Arthroscopic Management of Massive Rotator Cuff Tears

Introduction

Massive rotator cuff tears have historically been defined as tears that are greater than 5 cm in size in either the anterior-posterior or medial-lateral length, or tears involving at least two tendons. They account for 20% of all cuff tears and 80% of recurrent tears. Reparability is dependent mainly on tendon quality and retraction, muscle atrophy, and fatty infiltration as well as chronicity. Numerous arthroscopic techniques have been described, ranging from partial or complete repair to biologic augmentation, such as use of growth factors, patch graft or marrow-stimulating procedures, or a combination of them. Selection of the most effective treatment for a single patient can be challenging and is based mainly on tear characteristics as well as on the surgeon’s experience and skill set.

Procedure

Complete repair without excessive tension is the goal of arthroscopic treatment of massive rotator cuff tears. Adequate mobilization and identification of the shape of the tear are the principal surgical steps needed to achieve a successful repair. In case of retracted massive cuff tears, suture anchors are usually placed in a single-row configuration at the articular margin of the humeral head to minimize tension in the repaired tendons. Margin convergence repair is commonly combined with suture anchor repair, based on the tear shape, to further reduce tension in the repair.

Patient History

• Symptom onset: atraumatic (degenerative) or traumatic.
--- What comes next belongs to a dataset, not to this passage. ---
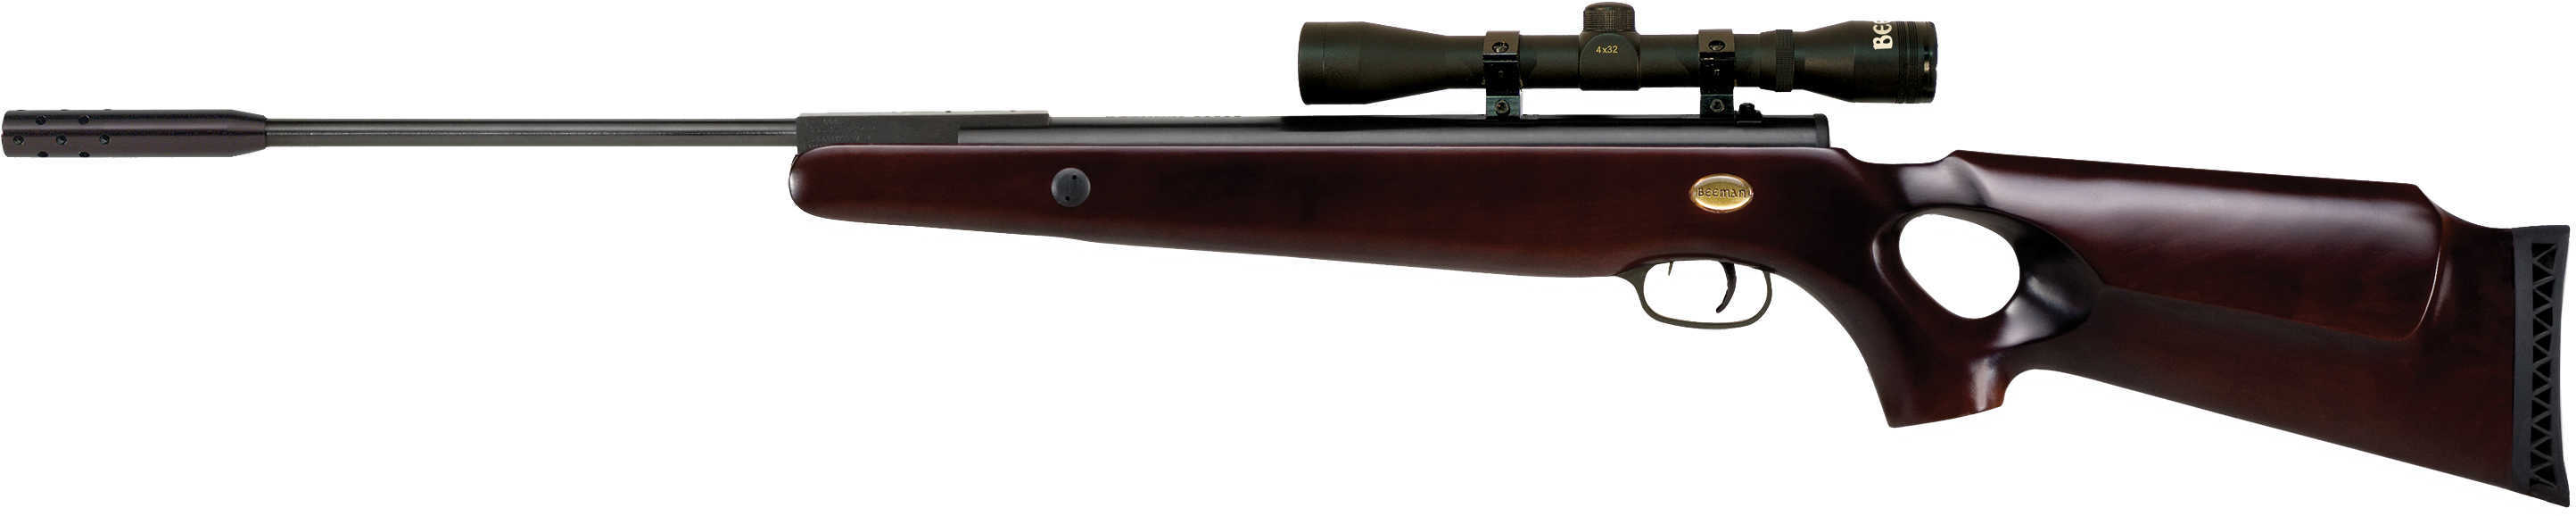 Beeman Ram XT Air Rifle .177 With 4x32 Scope 1087

• Degenerative tears: pain and limitation in daily activities display a progressive course over time. Patients usually complain of pain and weakness in lifting objects overhead or in taking care of personal hygiene and in other daily activities requiring arm rotation, such as taking a wallet from a back pocket for men or unfastening a bra for women. Night pain is one of the most frequent complaints.

• Traumatic tears: sudden pain and functional impairment; patients frequently complain of sudden loss of active range of motion after trauma and intense pain with arm mobilization or during the night.

• Patient age: traumatic lesions usually occur in younger individuals, specifically those who are almost 10 years younger than the population affected by degenerative tears.

• Mechanism of injury: a fall or a direct trauma to the shoulder. Shoulder dislocation in elderly usually causes a rotator cuff tear rather than capsulolabral injuries.

Patient Examination

• Inspection of both shoulders in order to detect side-to-side differences: in massive rotator cuff tears, marked muscle atrophy can create deformity of both the supraspinatus and infraspinatus fossae.

• Evaluation of passive range of motion: loss of shoulder motion due to posttraumatic joint stiffness or to primary adhesive capsulitis must be ruled out.

• Evaluation of active range of motion: pseudoparalysis, defined as the inability to actively elevate the arm beyond 90 degrees with full passive forward flexion and no neurological impairment, is a common finding in traumatic massive cuff tears.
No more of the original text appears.